Based on their literature review, Inaba et al hypothesize that −7/del(7q) can be an early event in HSPCs. They picture 2 scenarios: (1) an unperturbed environment and (2) a perturbed environment. They reason that in scenario 1 (in a normal HSPC and normal bone marrow), the −7/del(7q) clone has a relative growth advantage over normal HSPCs in the bone marrow and sequentially acquires secondary genetic or epigenetic events. In scenario 2, during bone marrow failure, hematopoietic stem cells are embedded in an inflammatory environment (cytokines). Here, aneuploid stem cells with haploinsufficiency of multiple genes implicated in the regulation of DNA damage checkpoints, the cell cycle, and apoptosis facilitate the accumulation of additional mutations and aberrant expansion, ultimately leading to leukemogenesis.
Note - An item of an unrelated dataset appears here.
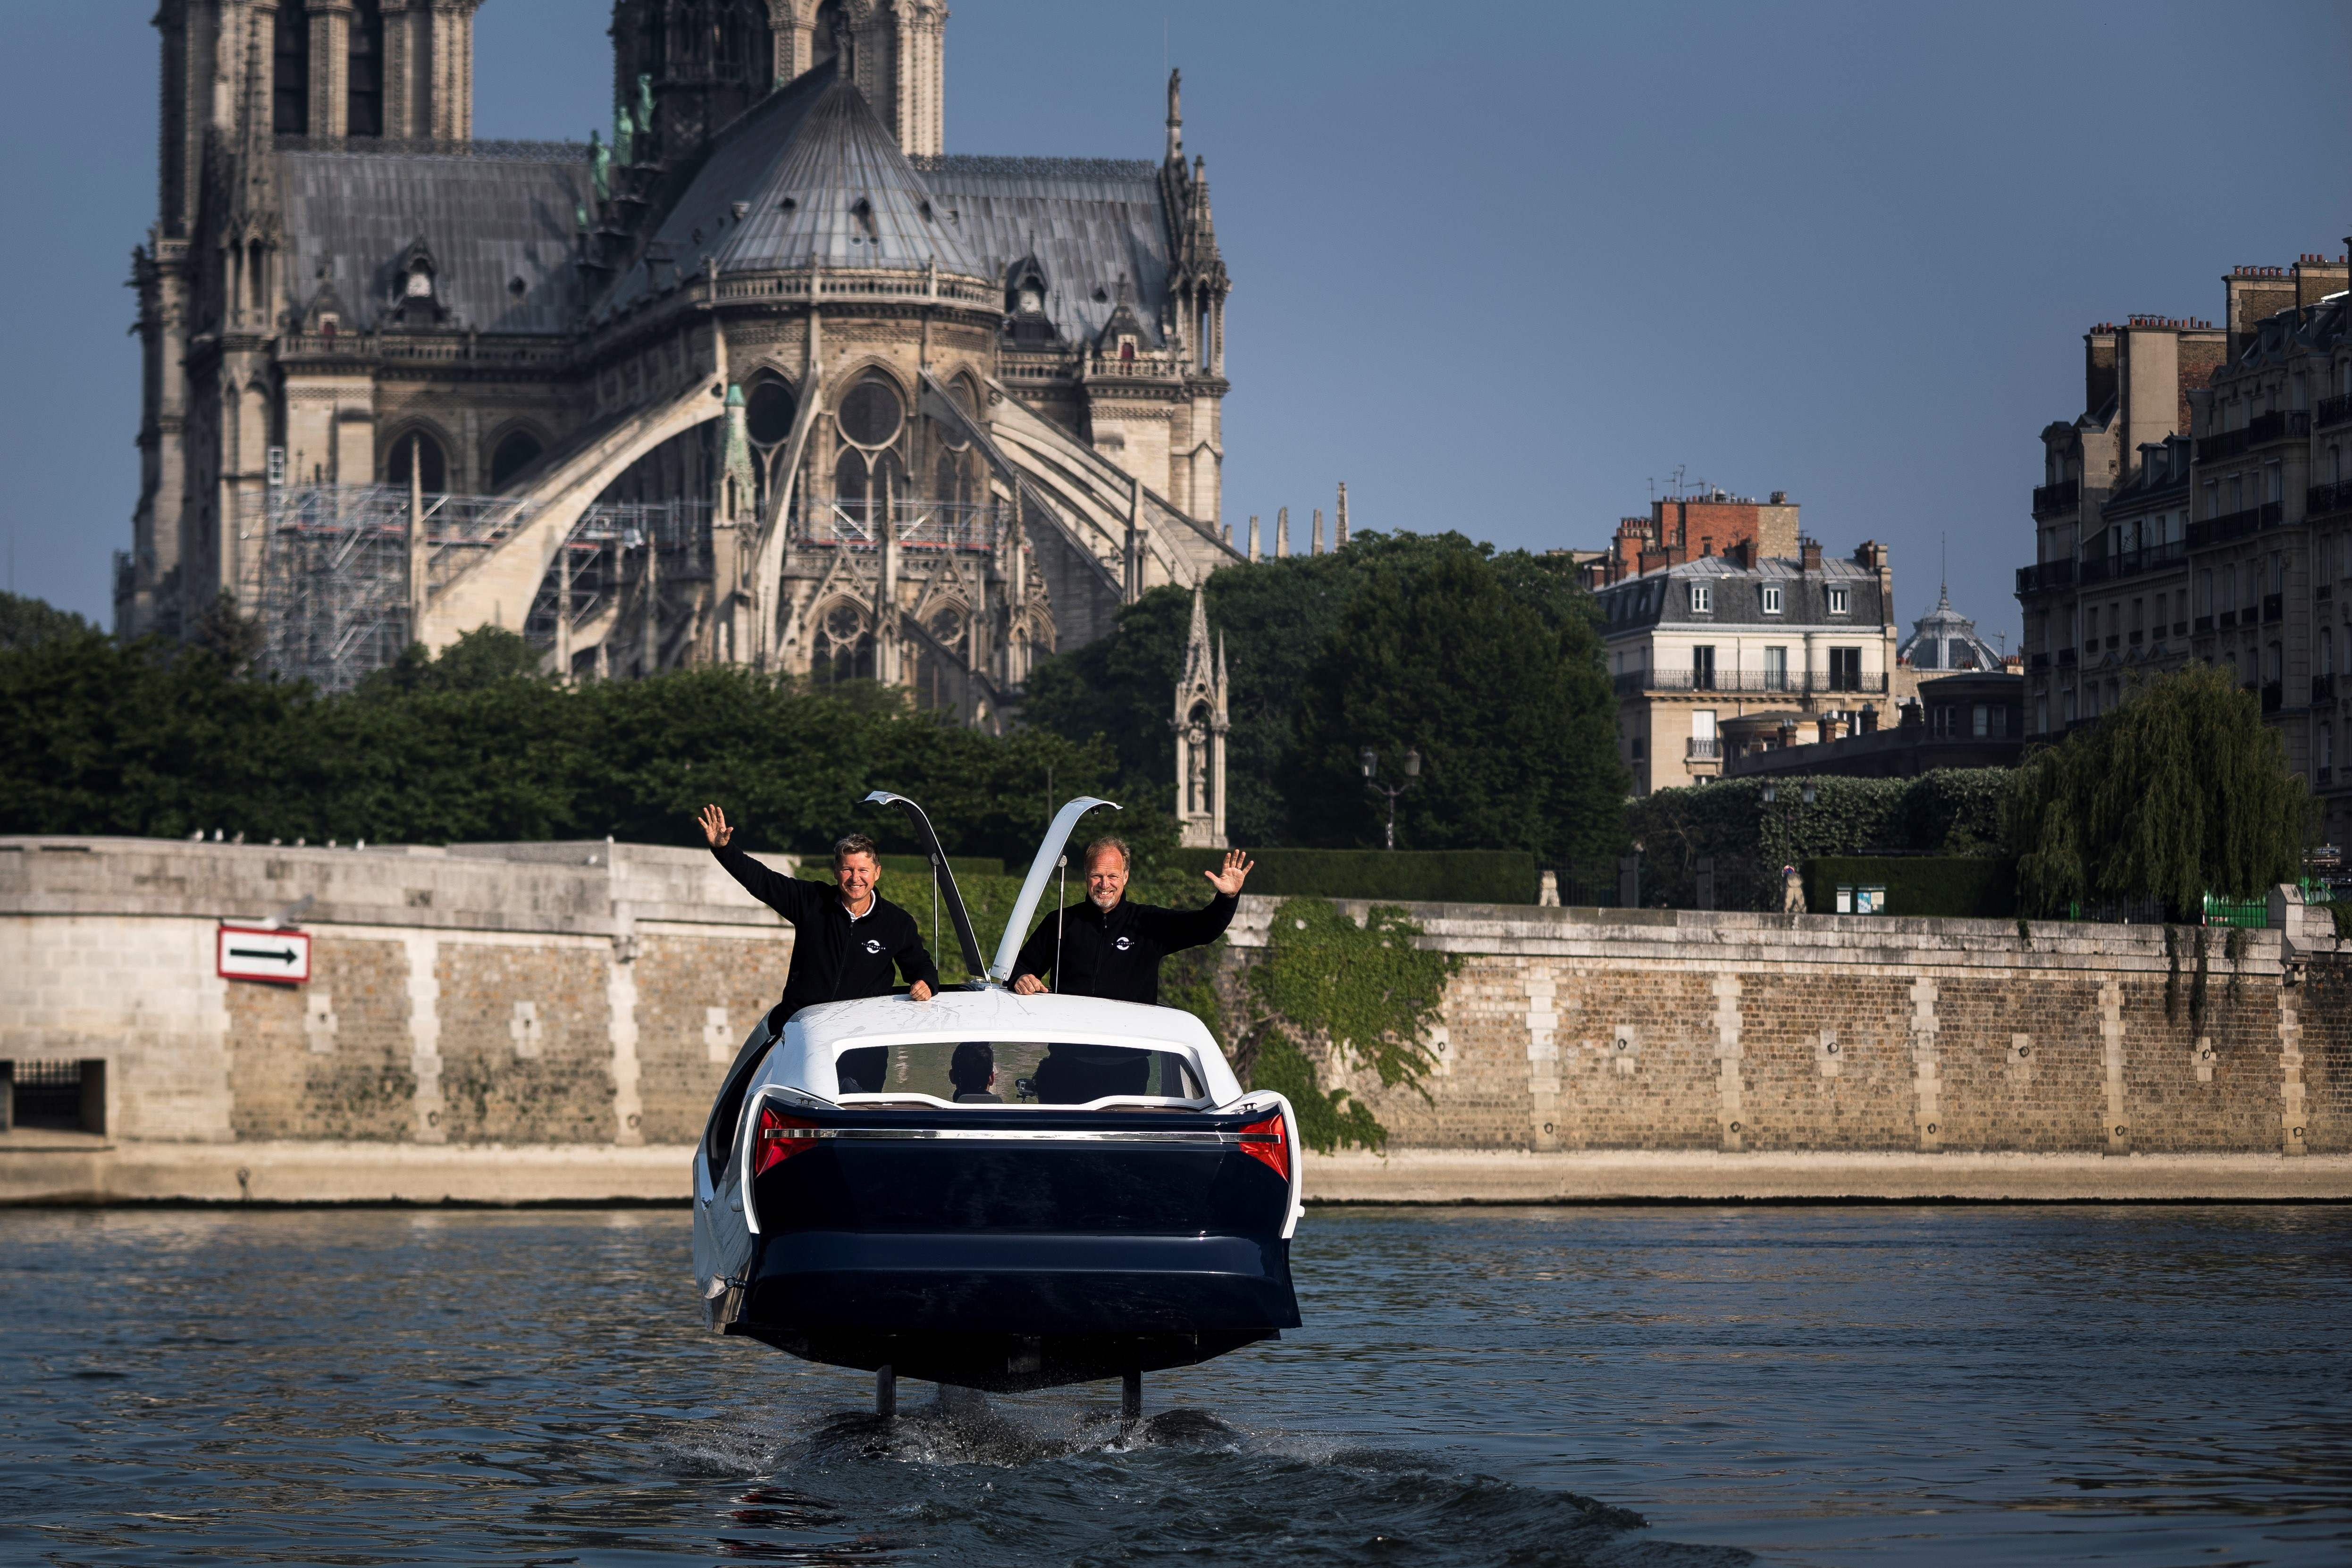 """فرنسا تطلق تاكسى طائر اسمه """"فقاعة البحر"""""""

Notably, data obtained so far are correlative. Dissecting how abnormalities affecting large chromosomal regions mechanistically give rise to distinct cancers is challenging. Future efforts need to focus on validating findings in greater numbers of patients, in addition to identifying more definitive causal relationships between genes and function. Additional single-cell studies and gene editing using CRISPR/Cas9 in HSPCs will be instrumental in delineating how distinct chromosomal abnormalities interact with additional gene mutations to determine the stepwise transformation to leukemia. These studies will also help in dissecting gene targets for targeted therapies.

Conflict-of-interest disclosure: The authors declare no competing financial interests.